Os habitantes da região do Alto Camaquã viram, a partir de 2009, suas vidas se transformarem com a implantação de um projeto de desenvolvimento regional com enfoque territorial. O pedaço de chão mais preservado do Bioma Pampa do Rio Grande do Sul e de uma beleza peculiar, mas até então considerado atrasado e pobre, se descobriu singularmente fértil. Com o auxílio da Empresa Brasileira de Pesquisa Agropecuária (Embrapa), o potencial natural da região foi usado a favor da própria comunidade e hoje os produtos são comercializados com a marca Alto Camaquã, sinônimo de qualidade e sustentabilidade. Esse trabalho consolidado e fonte de sustento e renda para 500 famílias, entretanto, está ameaçado pela possibilidade de instalação de uma mineradora pela Votorantim Metais e pela canadense Iamgold Brasil na Vila de Minas do Camaquã, a cerca de 90 quilômetros de Caçapava do Sul, Região Central, e nos limites com os municípios de Bagé, Pinheiro Machado e Santana da Boa Vista.

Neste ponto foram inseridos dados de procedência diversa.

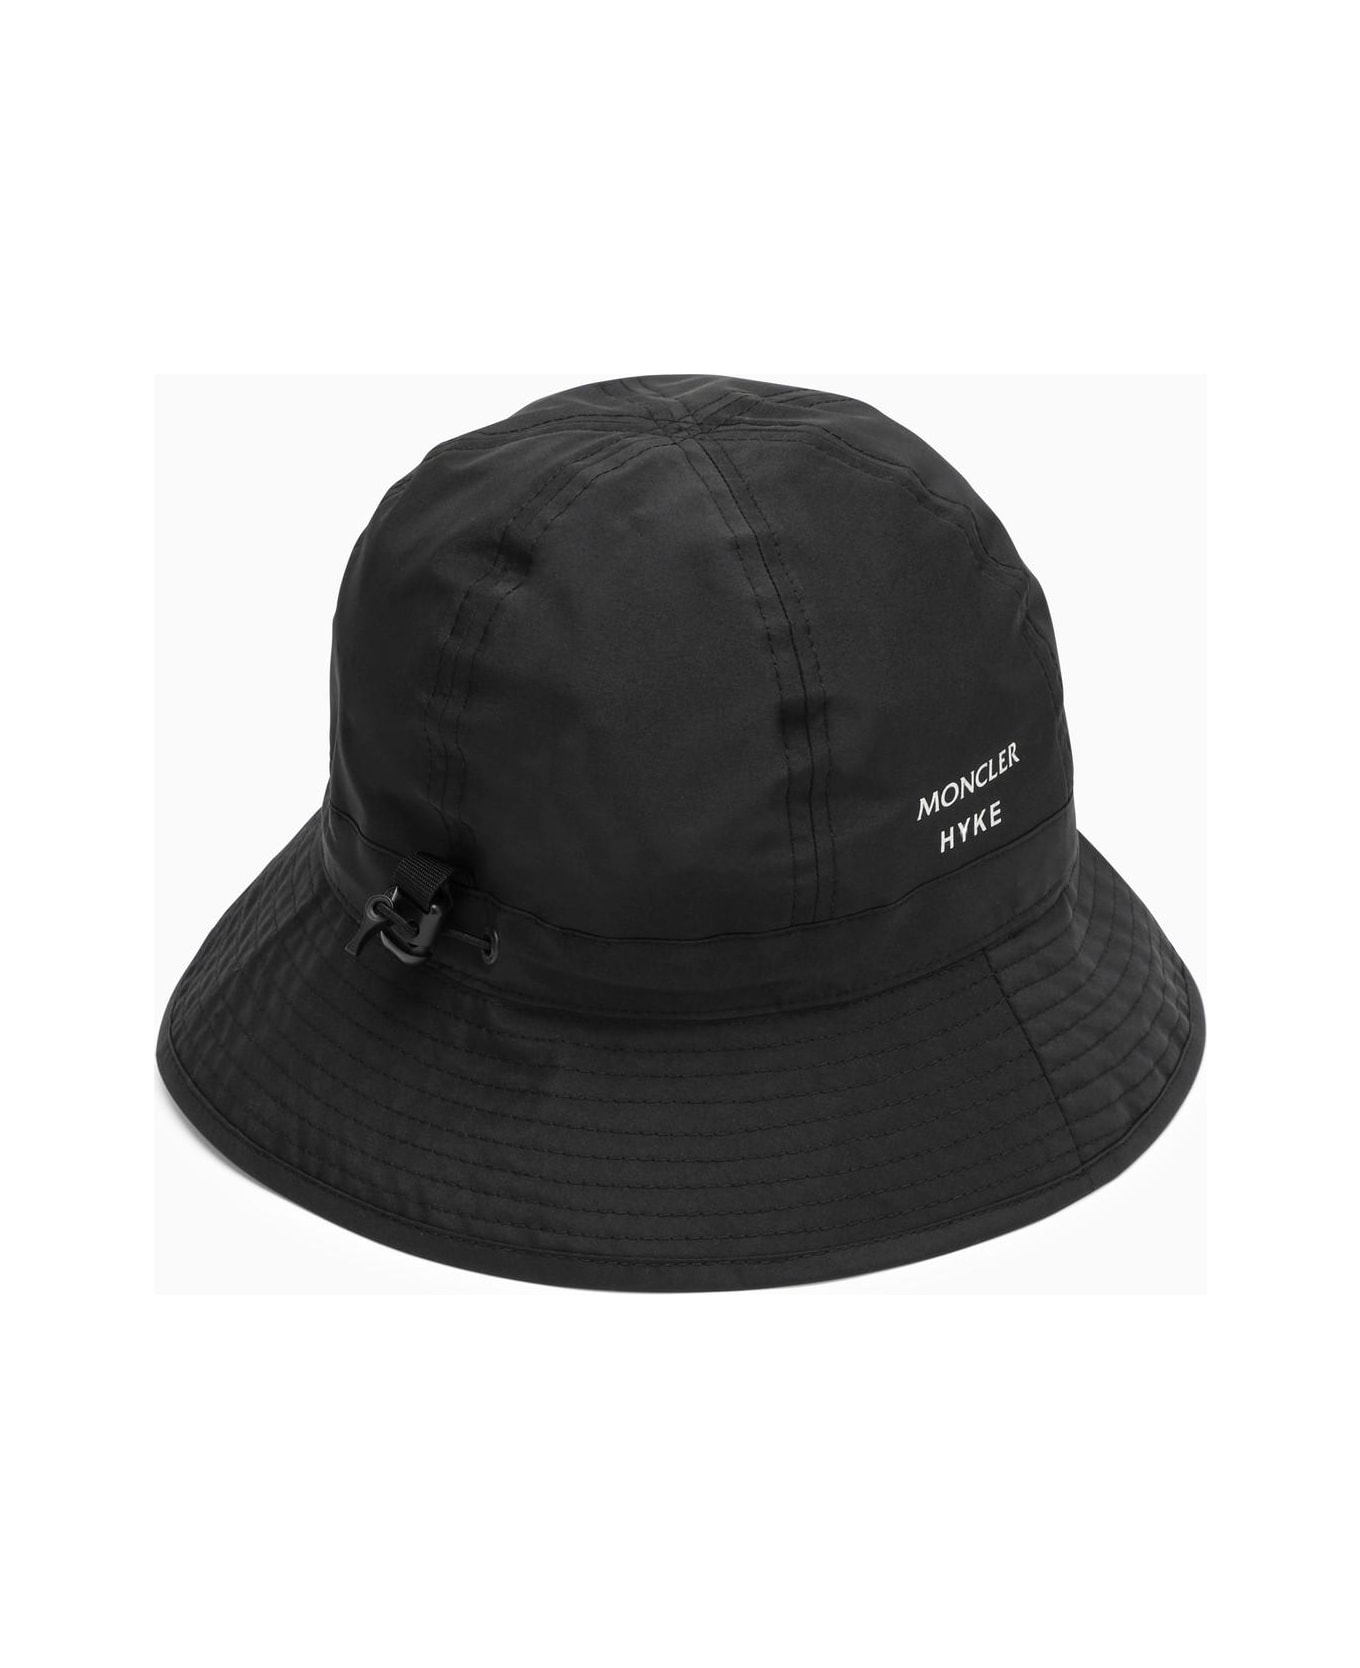 Moncler Genius Nylon Black Hat - Nero

As extensas paisagens naturais da Serra do Sudeste são propícios para a pecuária familiar. A carne de qualidade produzida na região é comercialiazada nos municípios ||Foto: Site Alto Camaquã
As extensas pastagens naturais da Serra do Sudeste são propícias para a pecuária familiar. A carne de qualidade produzida na região é comercialiazada nos municípios | Foto: Site Alto Camaquã

Há nove anos, quando iniciou o trabalho diretamente com os produtores através da Embrapa, a Serra do Sudeste era considerada a região mais atrasada do Estado tanto do ponto de vista tecnológico e econômico quanto em termos de Índice de Desenvolvimento Humano (IDH), relembra o médico veterinário e pesquisador Marcos Borba. A reversão desse quadro negativo, entretanto, não precisou de nenhuma fórmula mágica, muito menos a instalação de um grande empreendimento. Bastou voltar os olhos para as potencialidades do lugar: áreas extensas de pastagens naturais, paisagens exuberantes e água em abundância, que corria do Rio Camaquã, um dos mais limpos do Estado. “Em função das condições ambientais peculiares, com muitas árvores, solos rasos e pedras, o denominado mosaico de campos e florestas, foi impossível mecanizar essa região”, explica ele, sobre as dificuldades para a atividade agrícola.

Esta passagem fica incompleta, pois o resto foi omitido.